[Data to examine]

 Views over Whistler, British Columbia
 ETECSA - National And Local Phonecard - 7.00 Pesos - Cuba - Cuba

[/Data to examine]
[Data to examine]

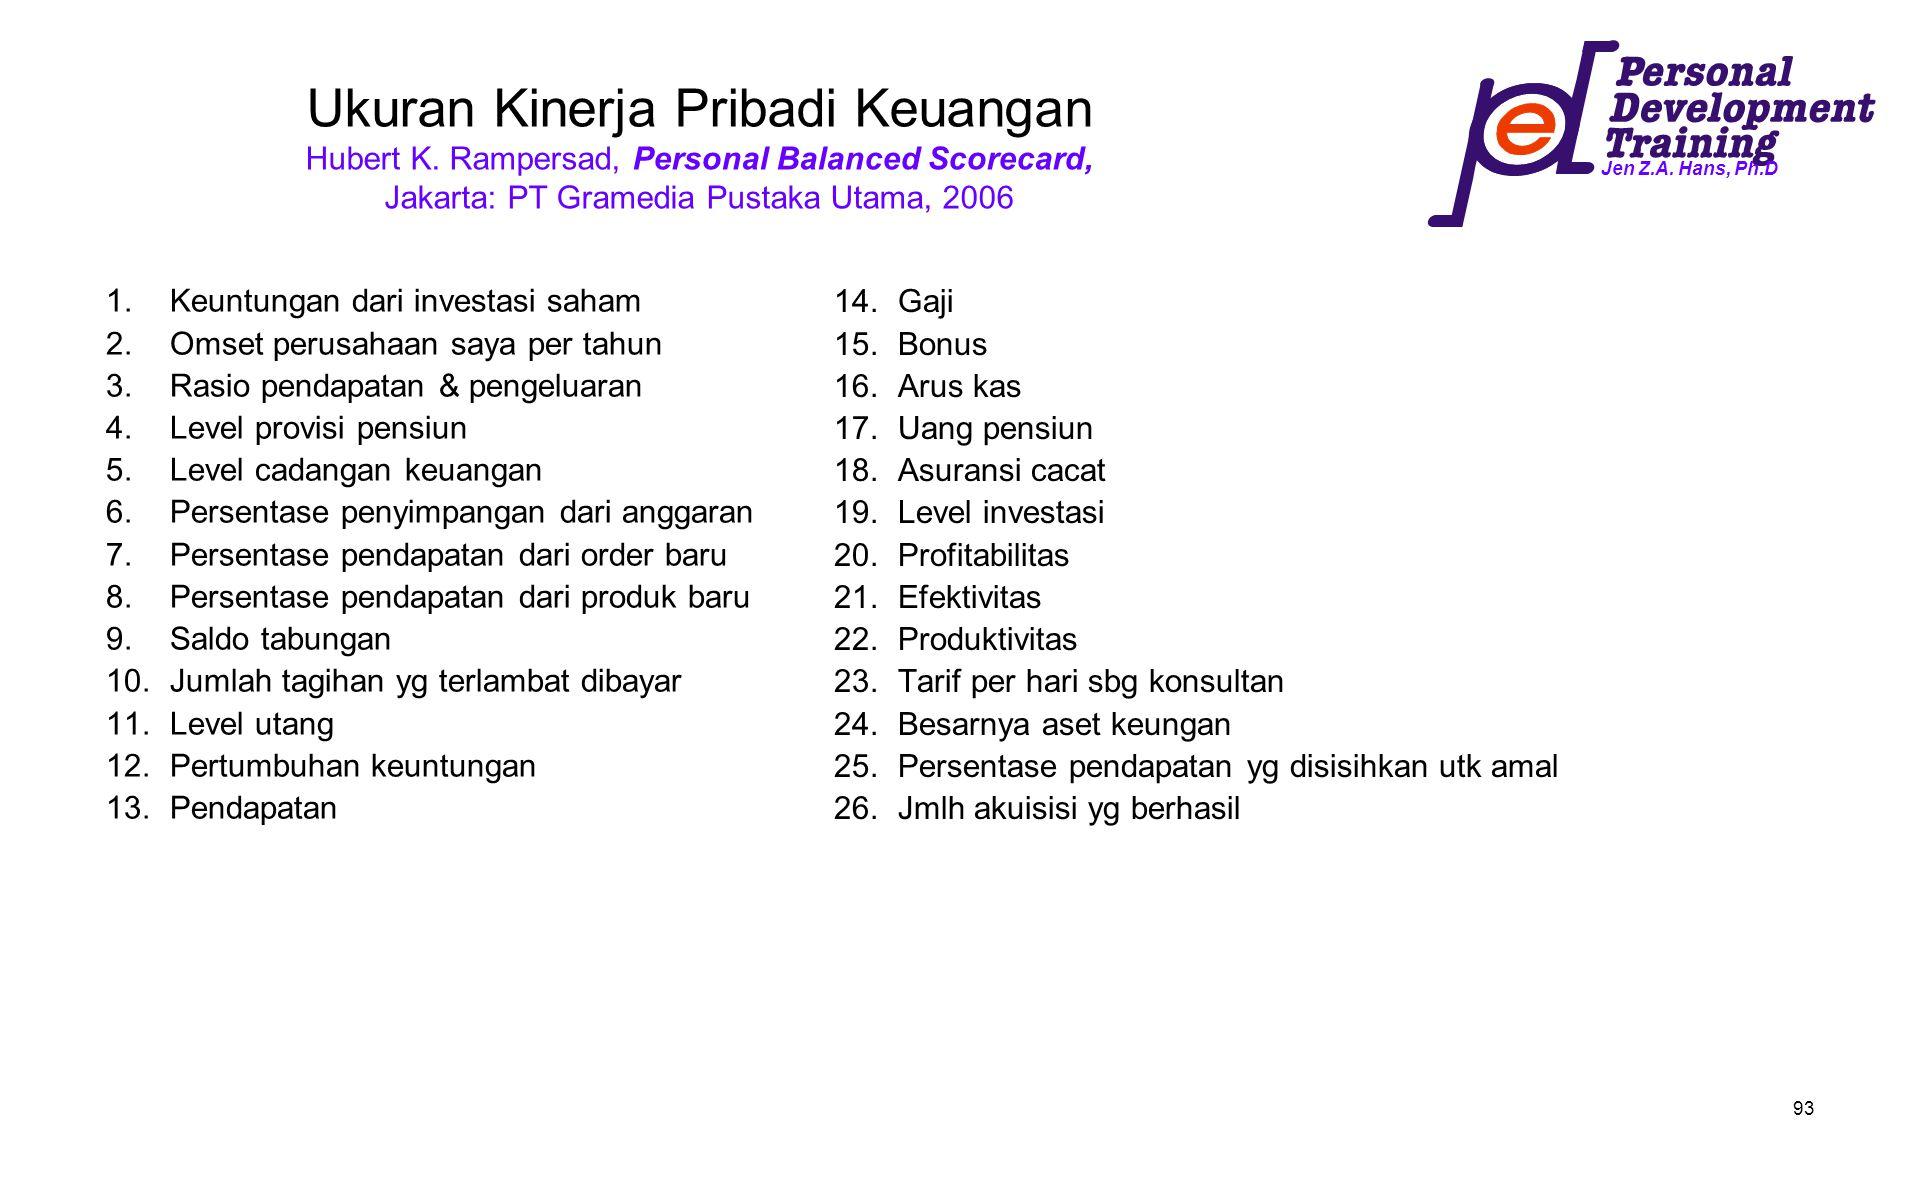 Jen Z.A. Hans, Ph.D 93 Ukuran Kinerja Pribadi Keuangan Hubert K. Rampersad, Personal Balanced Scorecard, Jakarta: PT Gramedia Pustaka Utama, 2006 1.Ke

[/Data to examine]

= Exercise instructions =
Take exactly the lines from the one containing "Views over Whistler, British Columbia" through the one containing "ETECSA - National" in the data above, and output them with nothing added.

= Response for this exercise =
 Views over Whistler, British Columbia
 ETECSA - National And Local Phonecard - 7.00 Pesos - Cuba - Cuba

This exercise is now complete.